Quem vai à Arena Multiuso Prefeito Francisco Hostins, para tomar a dose da vacina contra a COVID-19 se depara com um ambiente acolhedor, com música e carinho. Isso porque, a Prefeitura de Gaspar, por meio da Secretaria de Saúde, preparou uma ação de incentivo a vacinação com a colocação de girassóis e a distribuição de sementes da flor, tudo para tornar esse momento ainda mais alegre.

Para fazer desse momento ainda mais especial, equipes da Secretaria de Saúde distribuem sementes de girassol para os moradores, reforçando a importância da vacinação e principalmente reiterando a esperança. "É importante promover espaços mais humanizados. Muitos dos idosos que chegam aqui, falam que a vacina da COVID-19 representa as gotas de esperança, e nada mais representativo do que o Girassol, que traz essa sensação de felicidade, esperança e renascimento", destaca Silvania Joanello dos Santos, secretária da saúde.
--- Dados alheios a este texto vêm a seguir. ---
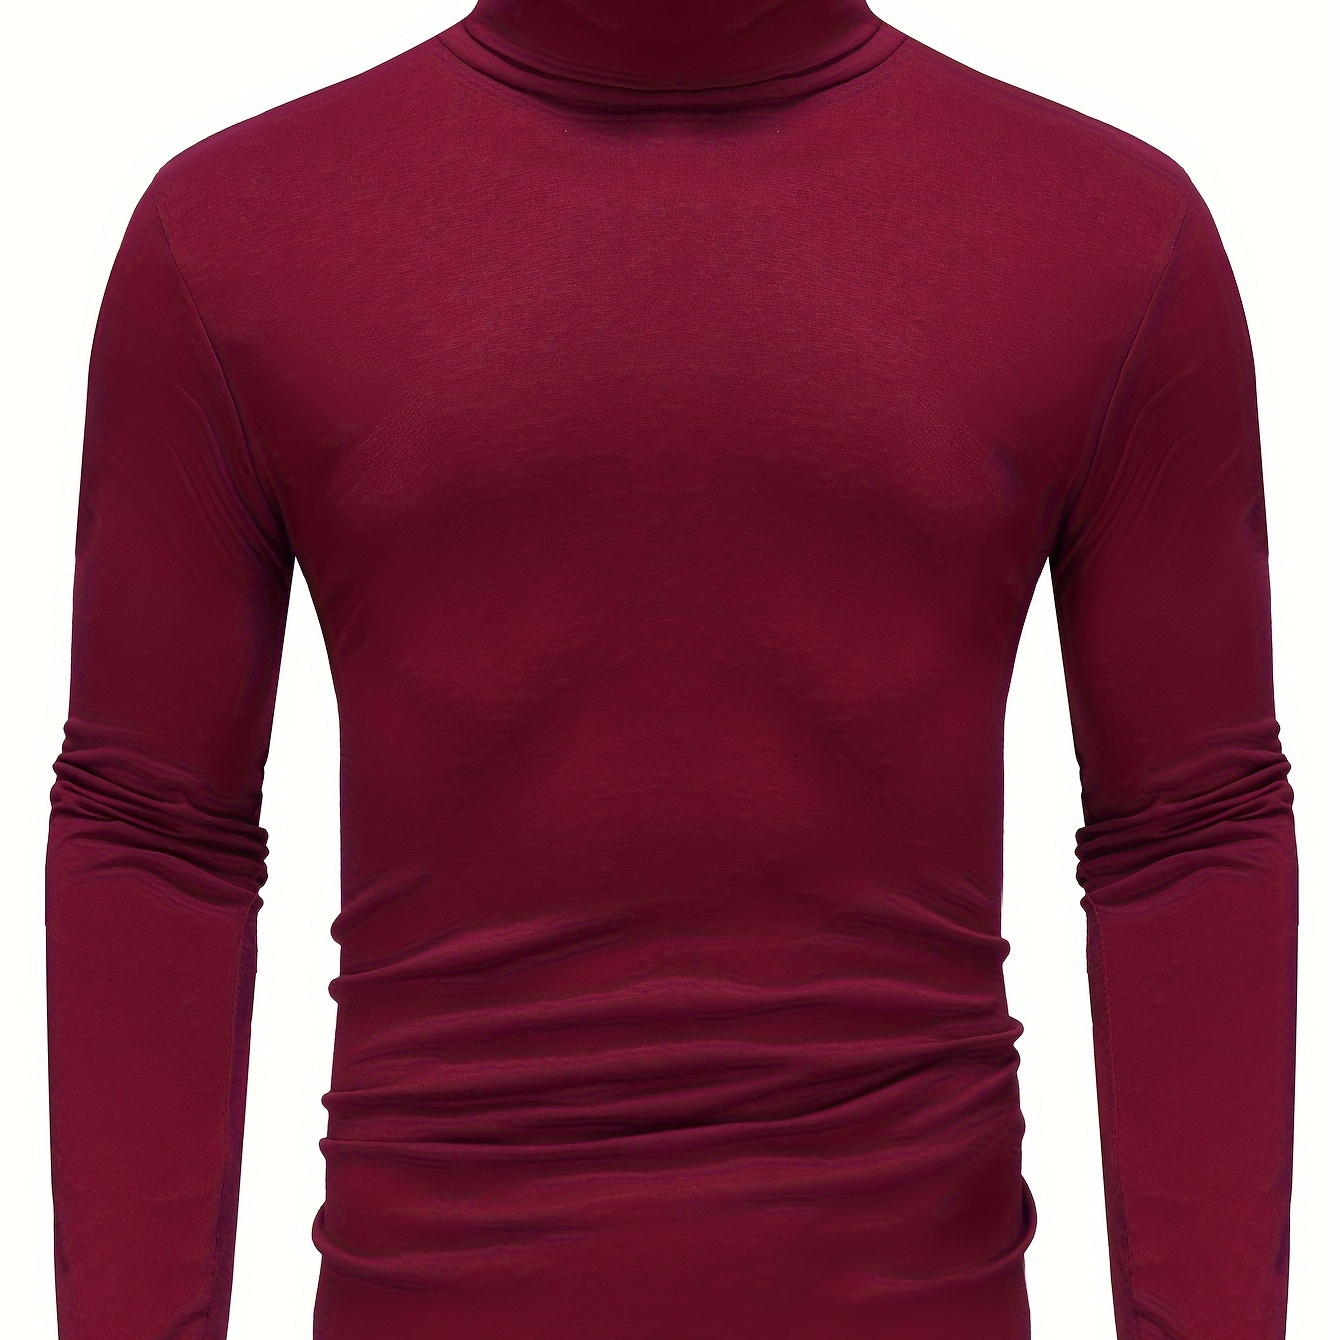 

Bottoming Shirt, Men's High Neck Long Sleeve Tops, Casual Plain Color Warm Base Layer Underwear Tops

Uma dose de esperança é recebida por centenas de gasparenses, a vacinação contra a Covid-19. Muitos idosos chegam no centro de vacinação com lágrimas nos olhos e coração aliviado, e muitos definem o momento de imunização como sinônimo de esperança por dias melhores. Entre os desejos para muitos com o fim da pandemia é reunir a família e abraçar sem medo.

Mais do que uma simples aplicação da vacina e orientações, os idosos saem da arena multiuso com a certeza de um atendimento com carinho, atenção e segurança pelos profissionais da saúde. O acolhimento humanizado, principalmente durante o período em que vivemos contribui com a melhora do quadro de saúde e principalmente reduz a sensação de medo e estresse causados pela pandemia.